İbrahim Halat (56 yaşında, 40 yıldır Almanya’da): Yaz aylarında Türkiye’ye gidiyoruz. Bazen gittiğimizde bin pişman oluyoruz. Bizim Türkiye’de yaşadığımız il belli, ikinci sınıf vatandaşız. Çoğu akrabam üniversite bitirmesine rağmen işe alınmıyor. Hiç yoktan burada kendi düşüncemi rahatça dile getirebiliyorum.
HALEN YABANCI
Rıfat Boyraz (55 yaşında, 40 yıldır Almanya’da): O dönem Türkiye’deki siyasi ortamın karışıklığından dolayı babam bizi buraya getirdi. Sağ, sol kavgasına girmemizi istemiyordu. Burada da 80’li dönemlerde curcuna vardı. Türkiye’yi aratmayacak şekildeydi.
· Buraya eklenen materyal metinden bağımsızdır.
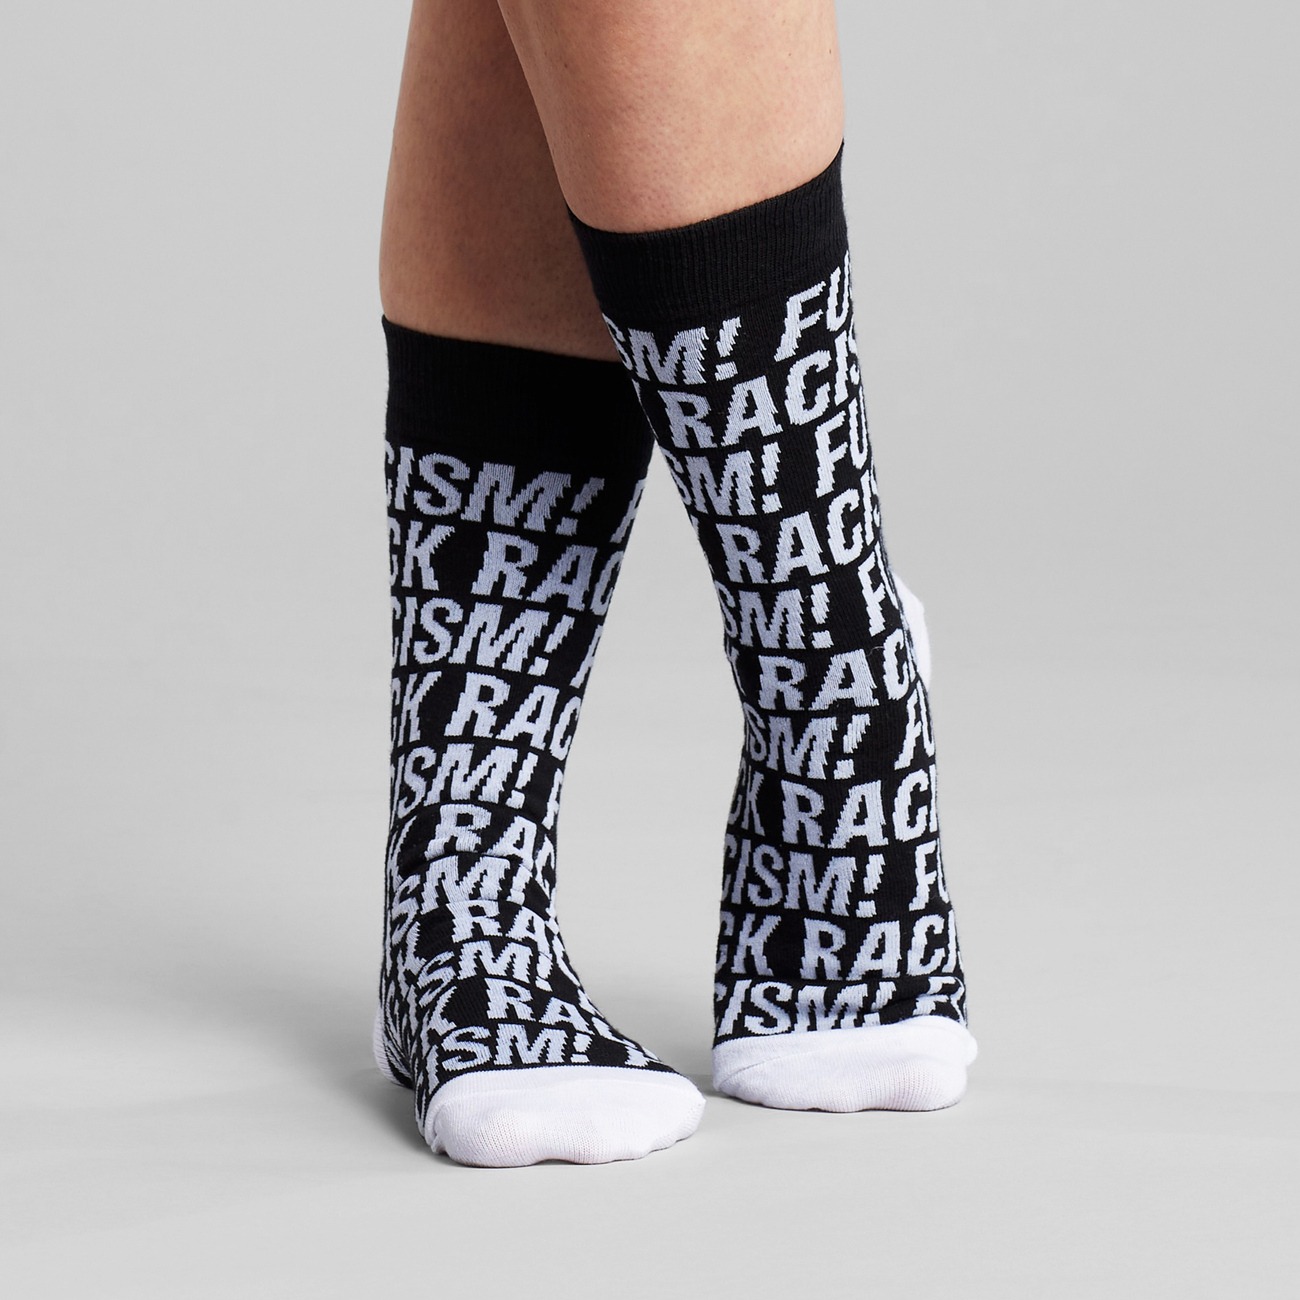 Socken mit Fuck Racism Slogan von Dedicated. Strümpfe aus Bio-Baumwolle in Schwarz mit weißem Muster.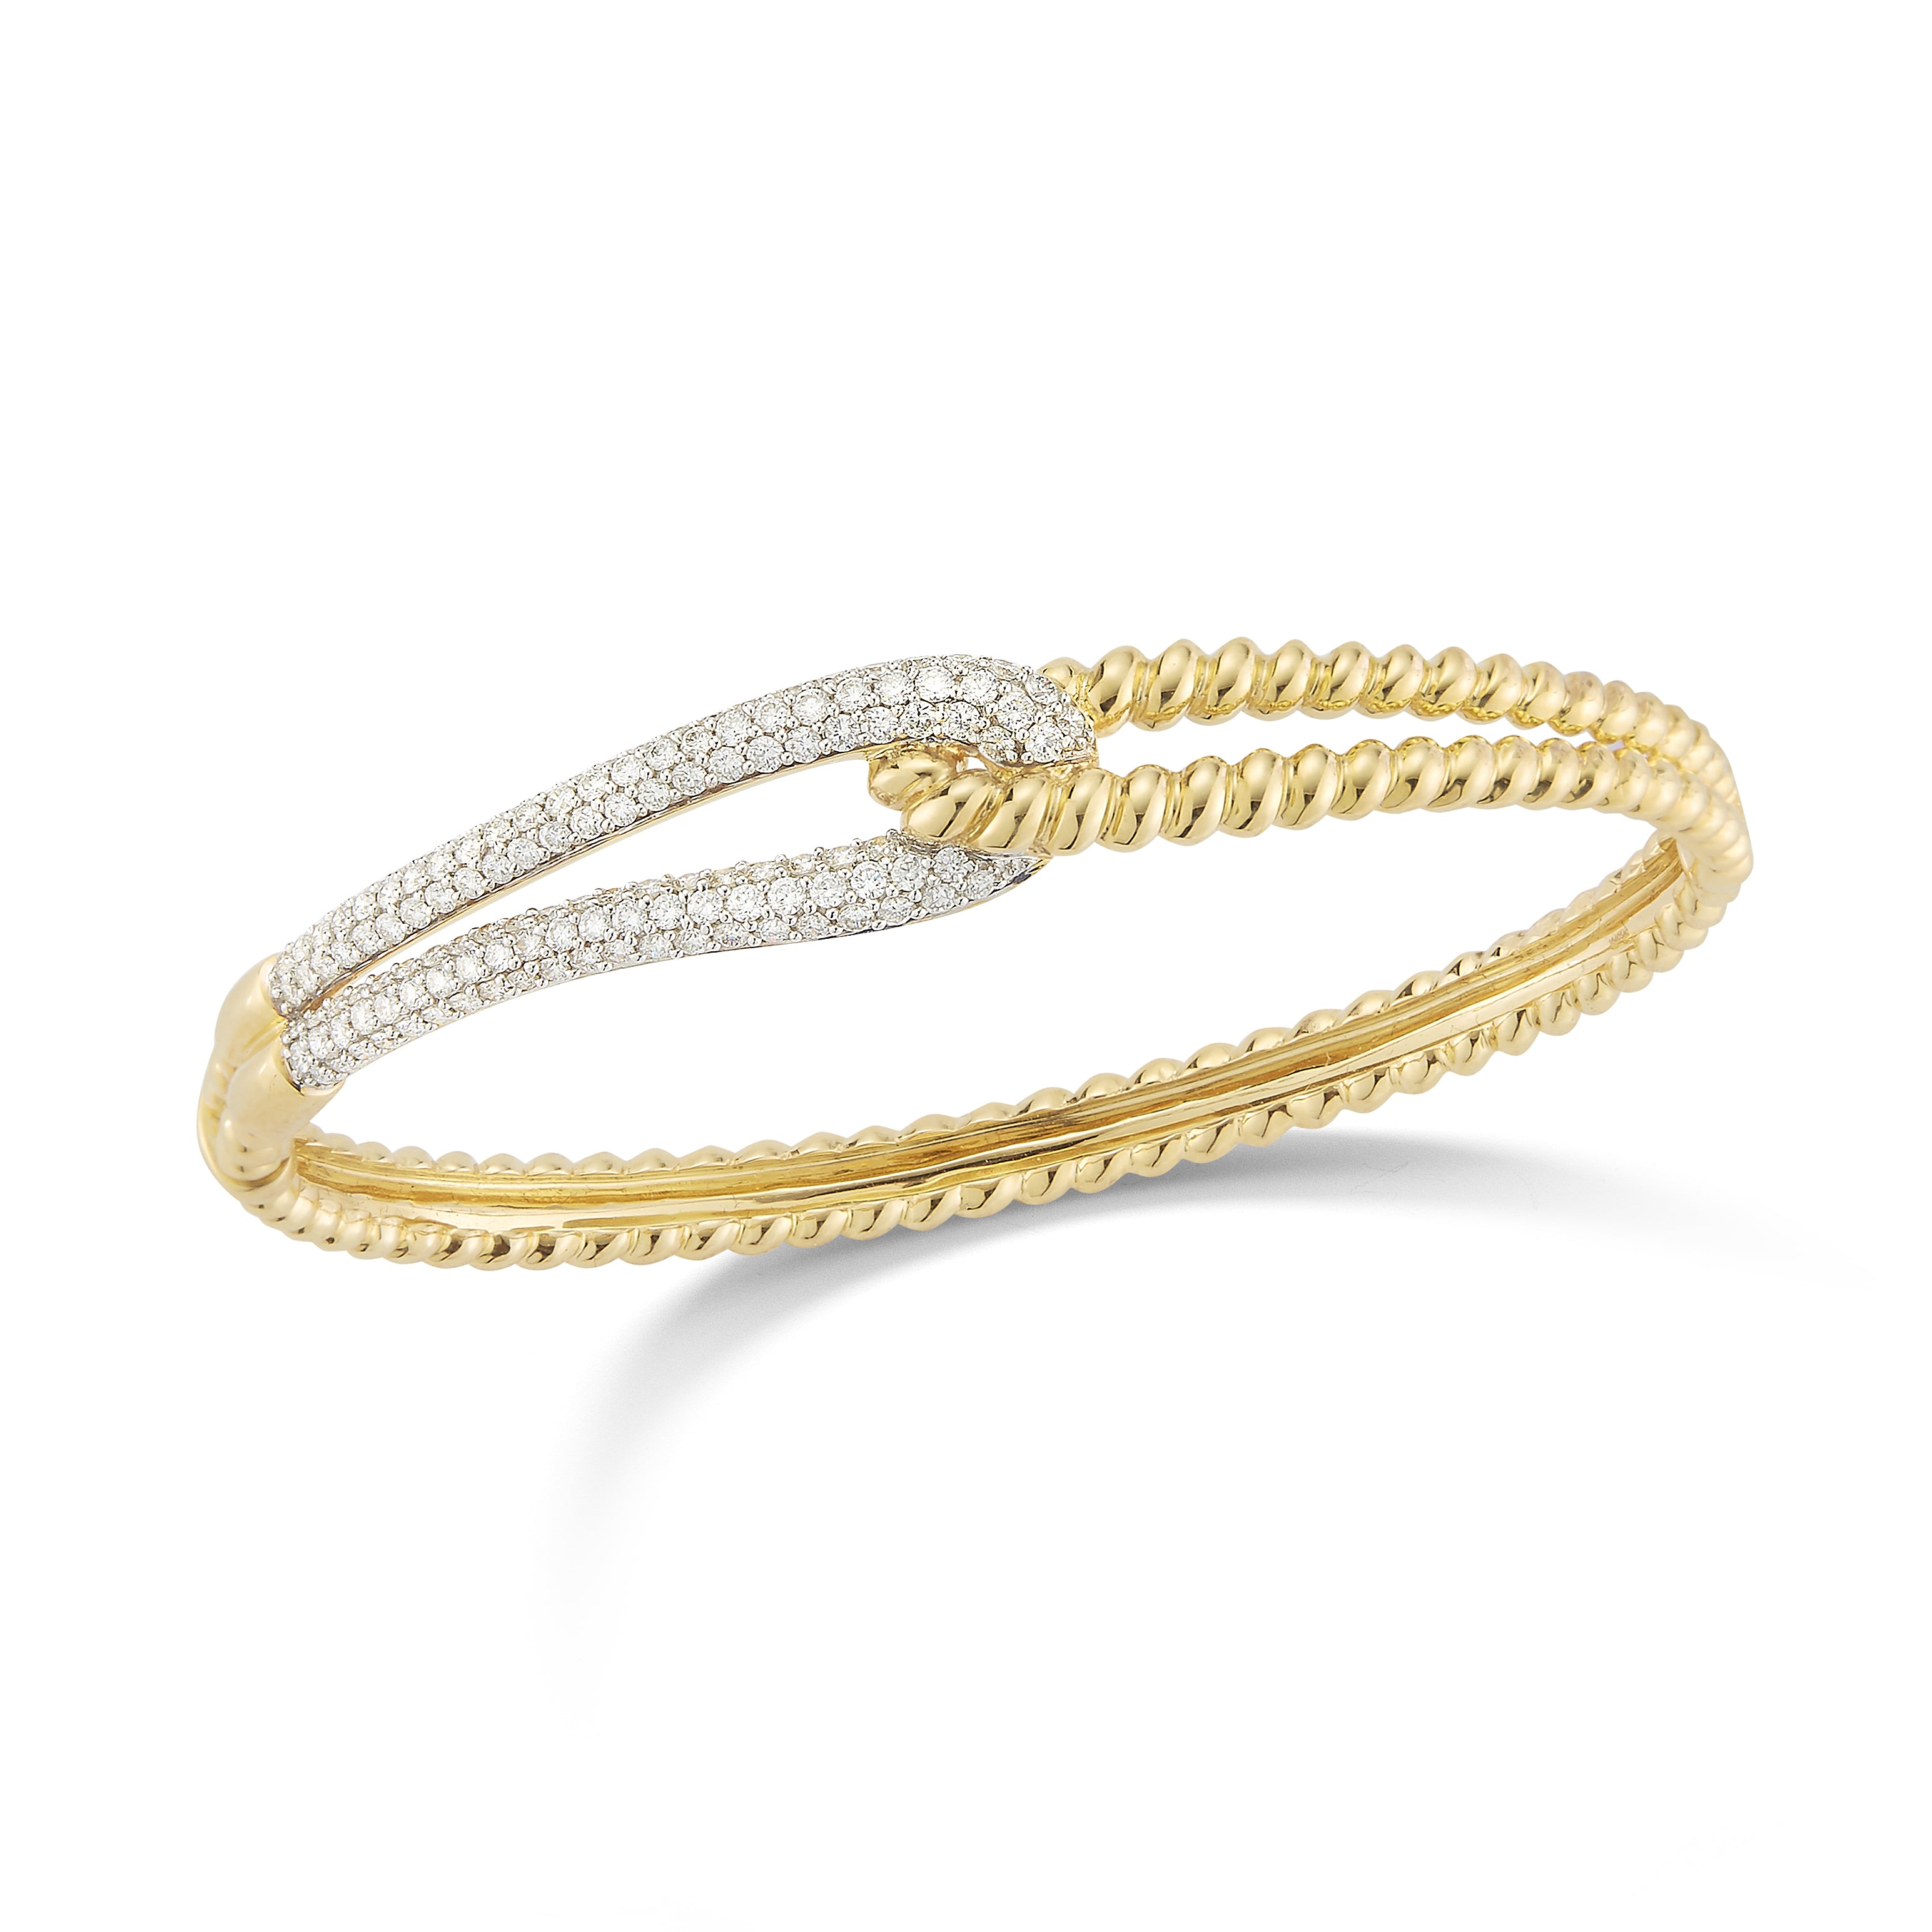 Large Diamond Linked Rope Bangle Bracelet Yellow Gold / 16 cm

Burada da yabancı düşmanlığını hissediyorduk. Futbol maçı seyircileri bir defasında metroda bize saldırmıştı. Alman vatandaşı olmamıza rağmen bugün bile bunları yaşıyoruz. Türkiye’ye gittiğimizde Almancıyız, buraya geldiğimizde yabancıyız.
Kadir Gültekin (72 yaşında, 46 yıldır Almanya’da): Türkiye’de terziydim, ekonomik bir sıkıntım yoktu, herkes Almanya’ya gidiyordu, biz de onlara takılıp geldik. Hiç ara vermeden 5 yıl boyunca bir kasapta çalıştım. Burada çalışırken 5 yıl boyunca yalnızca bir makine ile konuştum. Almanca bilmiyordum. Şu an bazı şeylere karşı çıkabiliyorum. 12 yıldır emekliyim, her sene Türkiye’ye gidip geliyorum.
Almanya’da yaşayan Avrupa Dersim Dernekleri Federasyonu İkinci Başkanı Kemal Karabulut (60 yaşında, 42 yıldır Almanya’da): 1977’de öğrenci olarak geldim. Ben oradayken kimya fakültesinde okuyordum. Doğu Almanya ile Batı Almanya’nın birleşiminden dolayı başlayan ekonomik sıkıntılar biz yabancılar yüzünden olmuş gibi algılandı. Türkiye’nin bugünkü durumuna bakınca “iyi ki de gelmişim” diyorum. 80 darbesinden sonra bizim Tunceli merkeze bağlı köyümüz boşaltıldı. Ülkemi terk ettim, vatan hasreti elbetteki yaşıyoruz. Burada okullarda seçmeli ders olarak Alevilik dersi var. Ama Türkiye’de bizim değerlerimiz aşağılanıyor. Biz tabii ki Türkiye’de olduğu gibi burada da ötekiyiz, ama burada Türkiye’de gasp edilen haklarımızı kullanabiliyoruz.